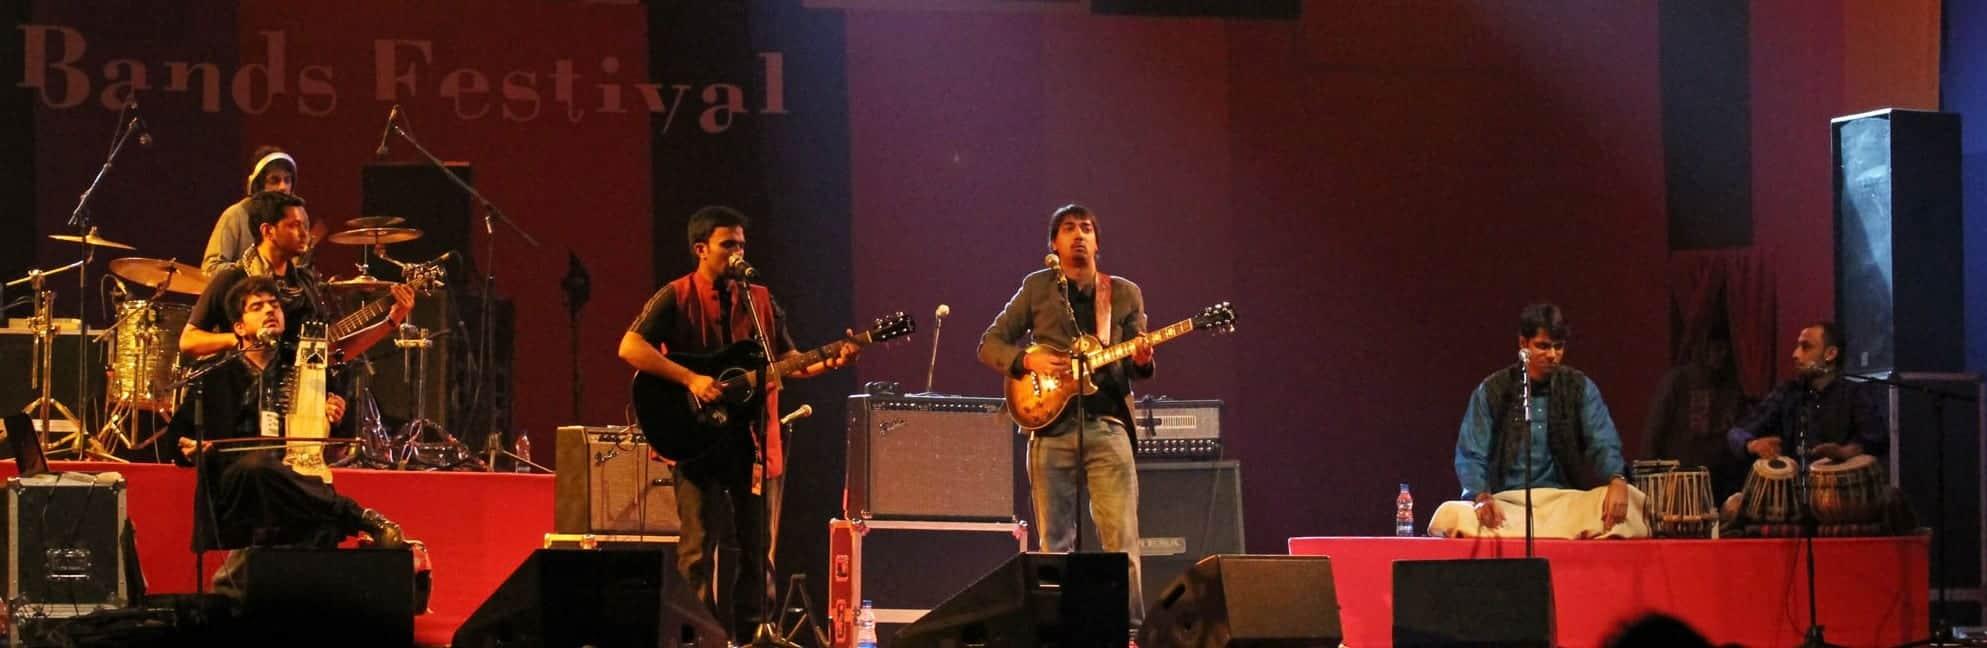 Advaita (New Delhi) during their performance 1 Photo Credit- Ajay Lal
* * *
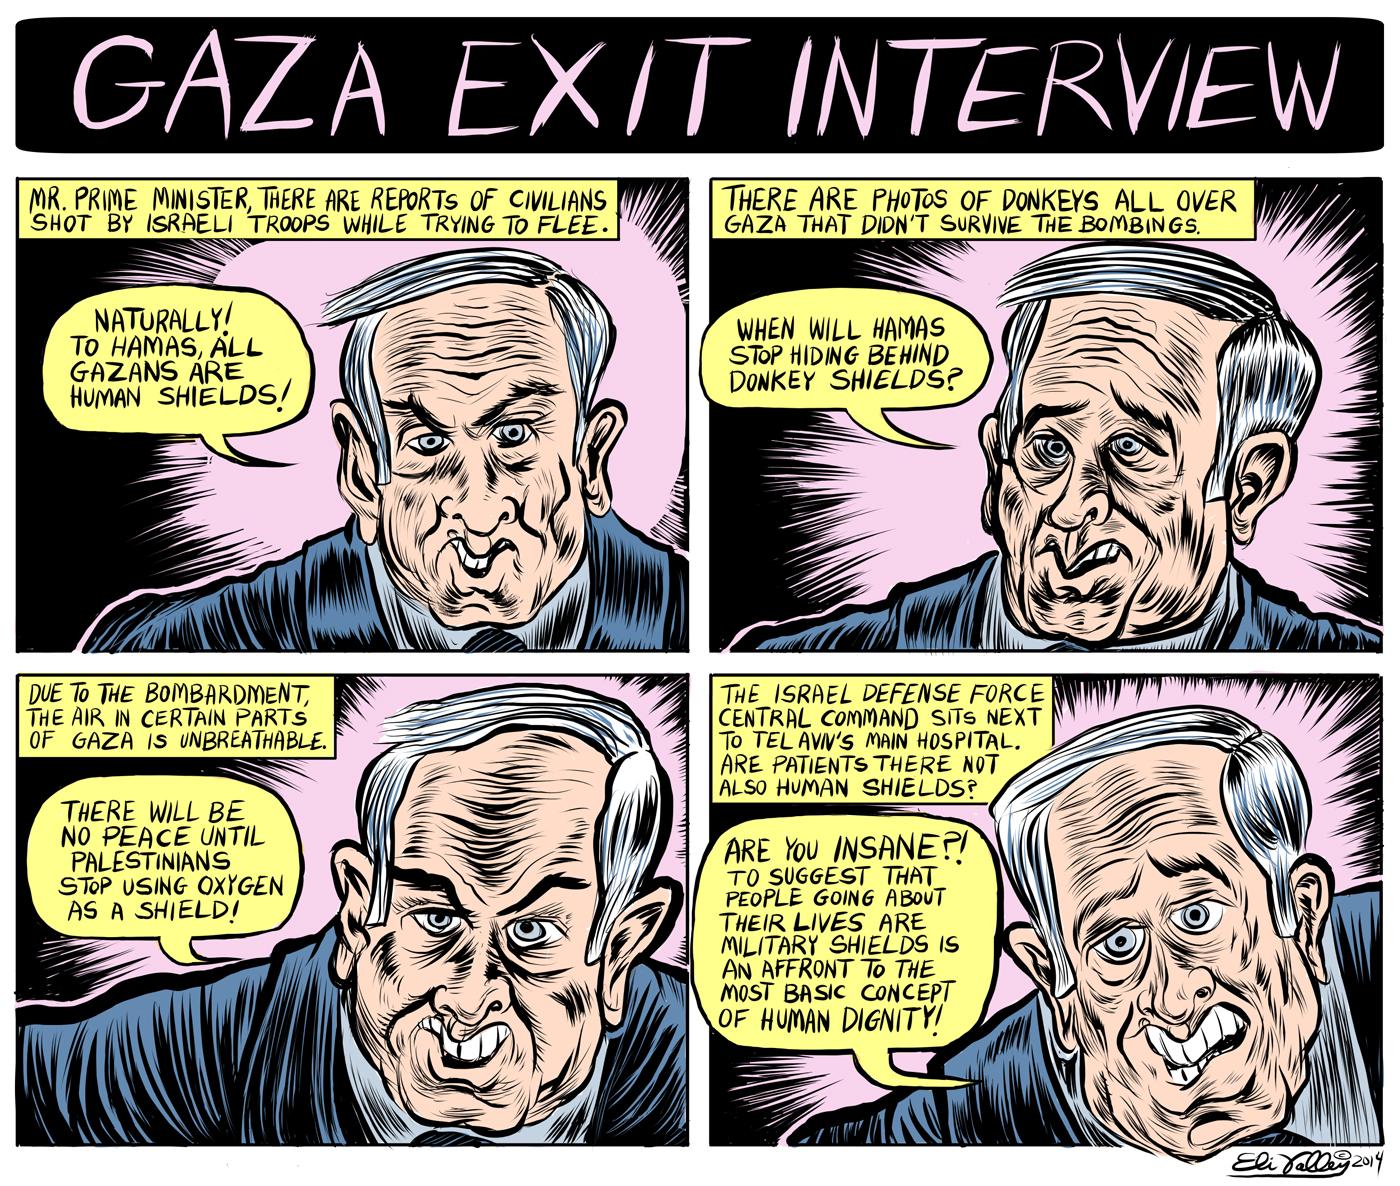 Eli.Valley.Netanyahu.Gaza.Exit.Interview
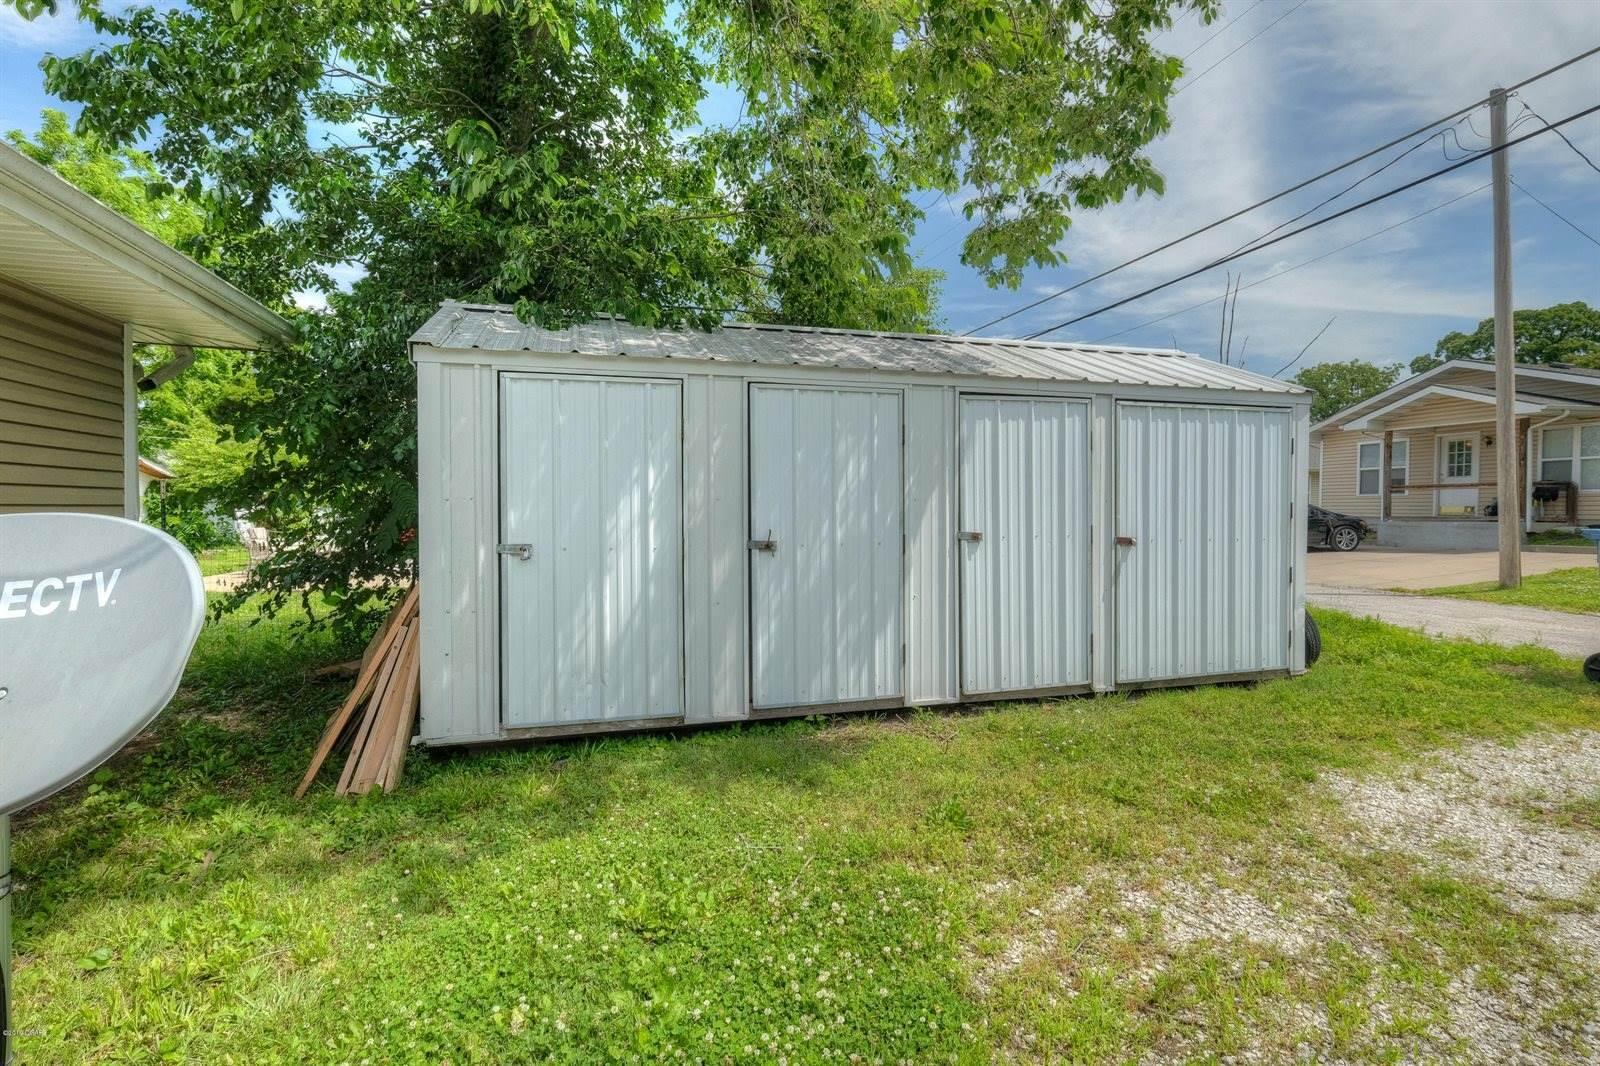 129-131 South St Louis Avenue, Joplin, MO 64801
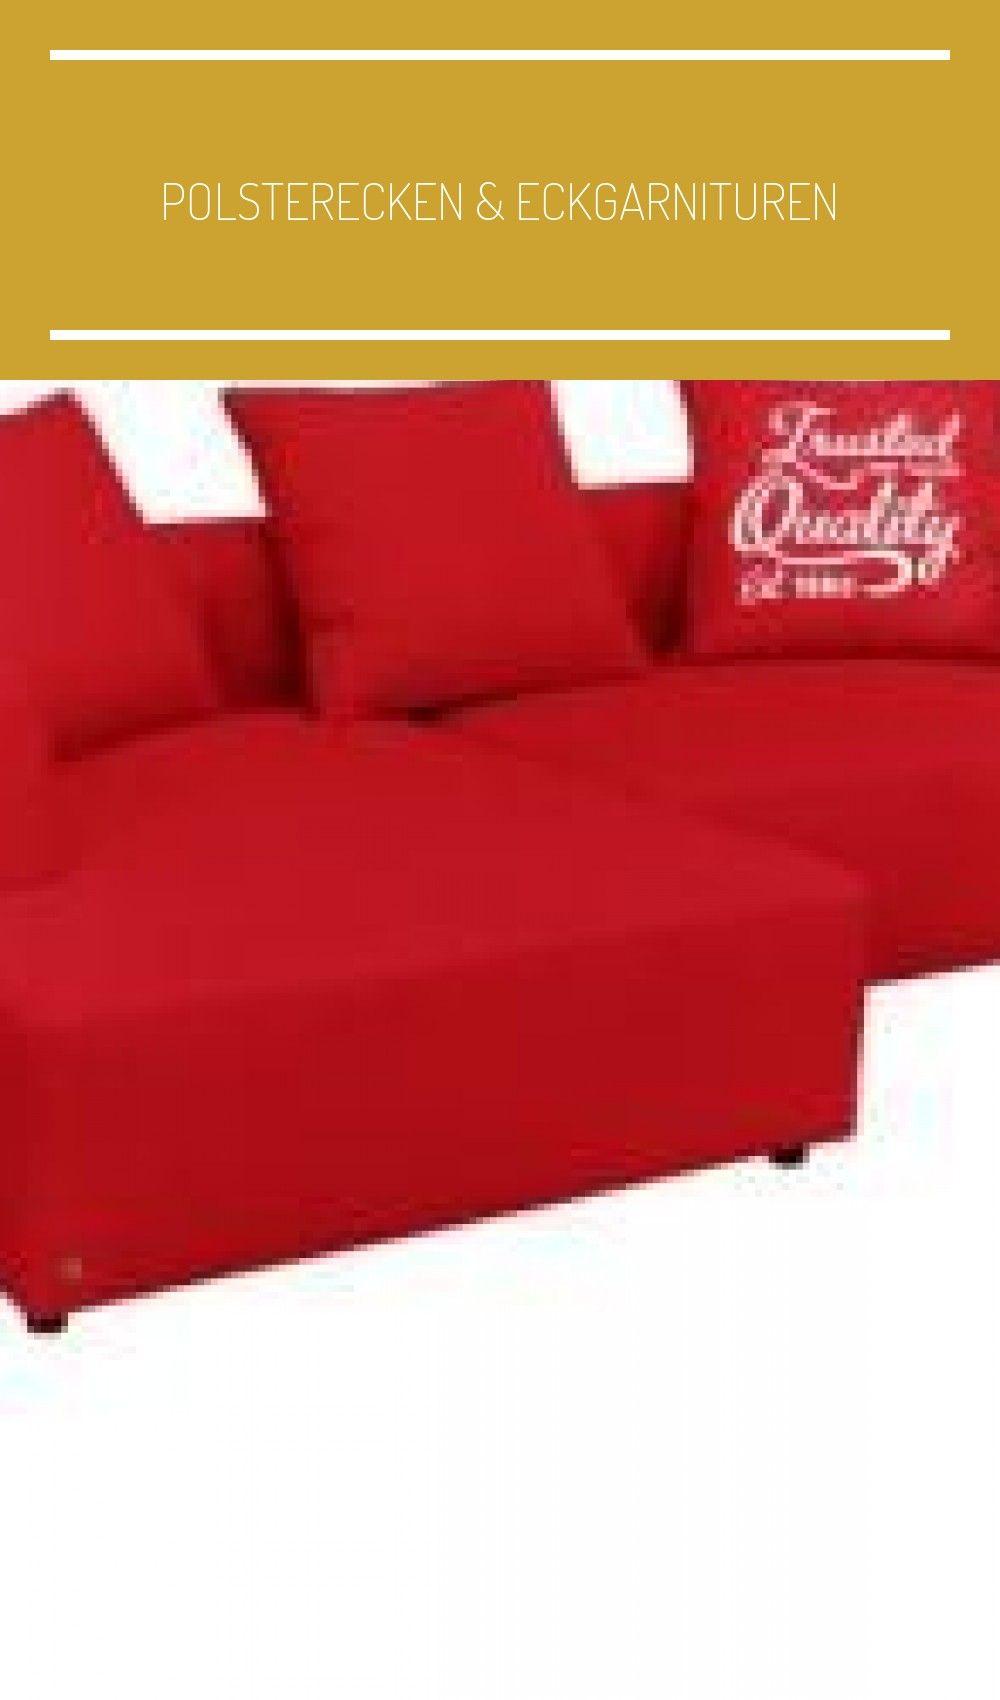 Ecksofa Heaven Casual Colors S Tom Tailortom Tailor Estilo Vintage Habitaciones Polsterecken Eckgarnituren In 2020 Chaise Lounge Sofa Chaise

■ Problem details ■
Find the line with "Eli.Valley.Netanyahu.Gaza.Exit.Interview" and the line with "Ecksofa Heaven Casual" in the records above. Copy both and all lines between them exactly, without pictures.

■ Answer to this exercise ■
 Eli.Valley.Netanyahu.Gaza.Exit.Interview
 129-131 South St Louis Avenue, Joplin, MO 64801
 Ecksofa Heaven Casual Colors S Tom Tailortom Tailor Estilo Vintage Habitaciones Polsterecken Eckgarnituren In 2020 Chaise Lounge Sofa Chaise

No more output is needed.